A genetic deficiency in an enzyme that breaks down fatty acids in your liver and your baby's liver causes AFLP. The demands of the fetus in the third trimester can overwhelm this enzyme, leading to the increased fatty acids in your liver.
Symptoms and Signs
Accumulation of fatty acids in your liver can cause:
- Nausea and vomiting
- Mid upper abdominal (epigastric) pain
- Right-sided upper abdominal (right upper quadrant) pain
- Jaundice (yellowing of the eyes and skin) and other signs of liver failure
AFLP can increase your liver enzymes and can cause irreversible liver damage with its complications and you might need a liver transplant. You can also develop high blood pressure, renal failure, and problems clotting your blood. The disorder can also lead to death of your baby.
Call your doctor or go the hospital immediately if you have the above combination of symptoms. Prompt delivery is vital as soon as the diagnosis is made before your liver fails or your baby dies.
Intrahepatic Cholestasis of Pregnancy
Intrahepatic cholestasis of pregnancy (IHCP) is more common in the third trimester and occurs in less than of one percent of pregnancies, according to the above referenced ACG monograph (page 36). With IHCP, bile acids accumulate and damage your liver.

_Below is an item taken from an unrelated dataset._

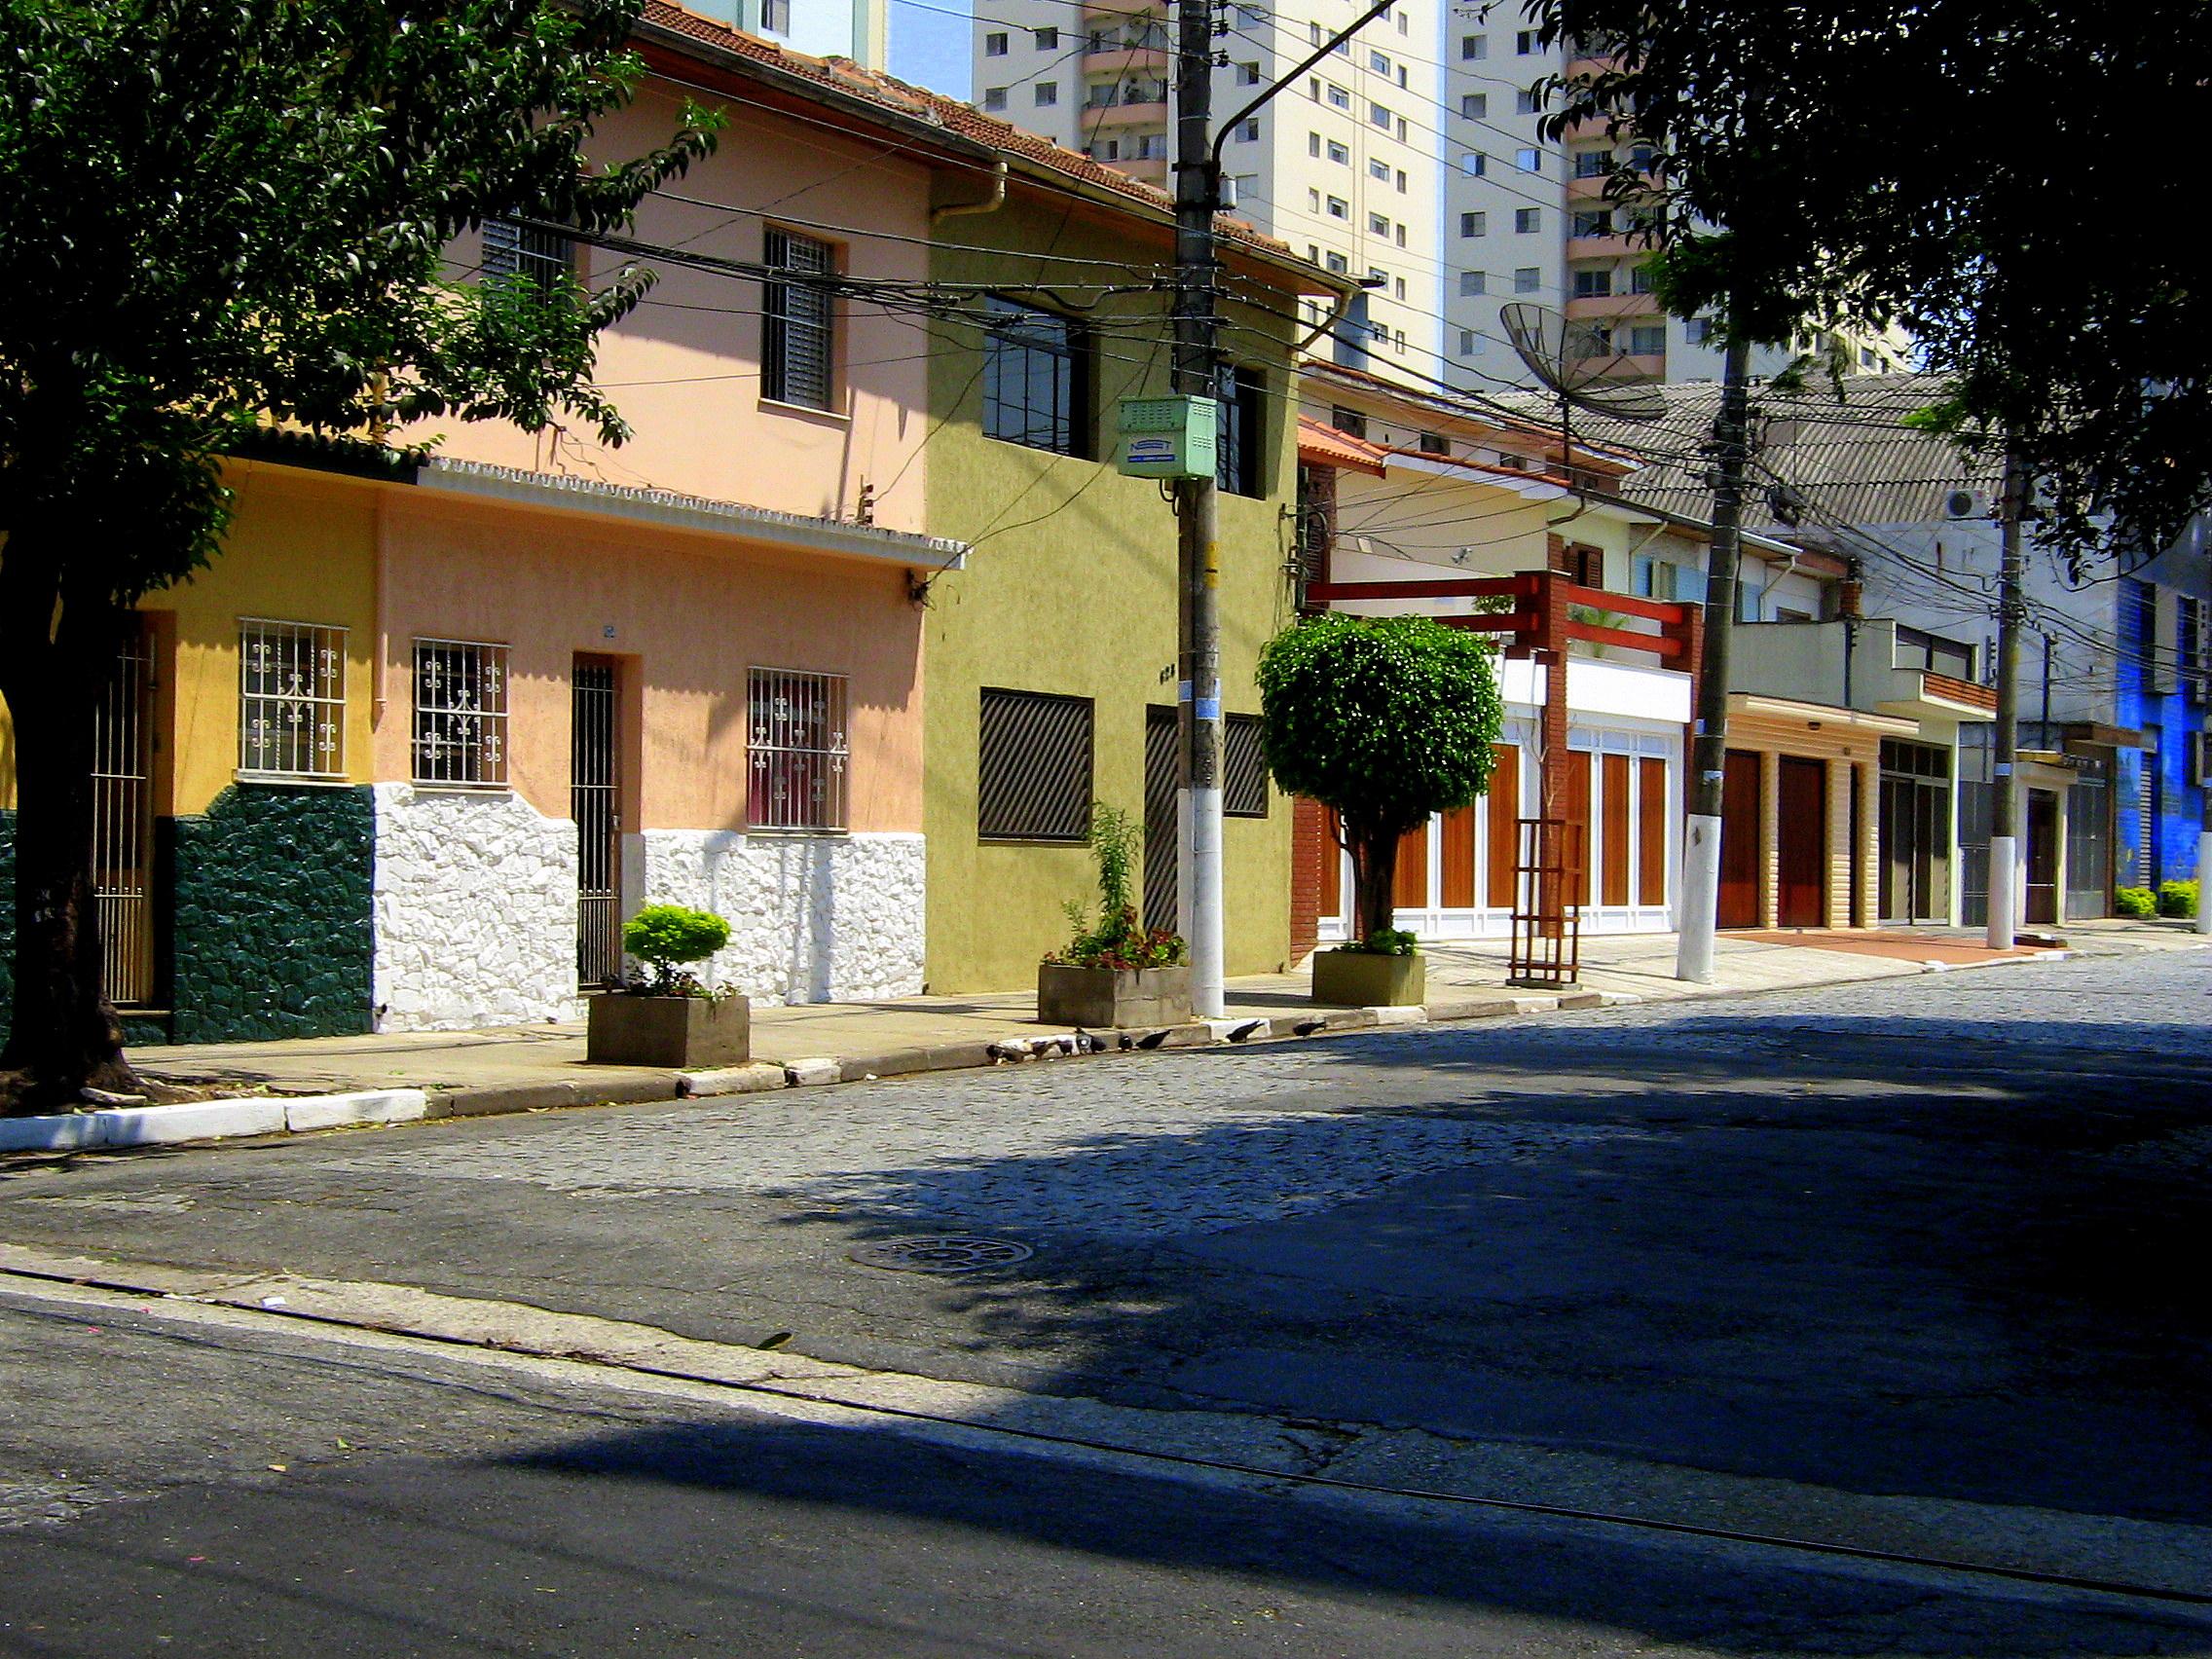 Platina São Paulo fonte: upload.wikimedia.org

IHCP causes the following symptoms:
- Severe skin itching (the hallmark of the disorder)
- Nausea and vomiting
- Abdominal pain and jaundice
Your liver enzyme, alkaline phosphatase, and your bile acids will be elevated on blood testing.
The disorder is rarely as harmful to you as AFLP, but the itching can be unbearable. You will get relief of your symptoms within a day or two of delivery. IHCP can be more harmful to your baby than to you. Adverse effects on your baby include an increased risk of preterm delivery, passage of meconium, and stillbirth.
See your doctor as soon as possible if you have the above symptoms. Because of the risks, the recommendation is prompt delivery if you are at term, or, if you are less than 34 weeks and you and your baby are stable, fetal monitoring for 48 hours until the baby's lungs mature.
Overall Management Plan
Nausea in the third trimester can lead to poor intake of food and fluids. Some causes can severely affect the well-being of you and your baby. The management plan depends of the severity of your nausea, additional symptoms and the underlying cause.
- The first step is to assess the health of you and your baby.
- Next step is to control the nausea and improve intake of fluids and nutrition as needed and as appropriate to your diagnosis.
- Further steps include diagnosing the cause of the nausea to guide additional treatment options
- Other management might include surgery or plans for delivery.
Pay Attention to All Your Symptoms
Pay attention to the severity of your nausea and be aware of any other signs or symptoms that might indicate that you have a significant problem. Because some causes of nausea in the third trimester can put you and your baby at risk, don't hesitate to contact your doctor if you don't feel well.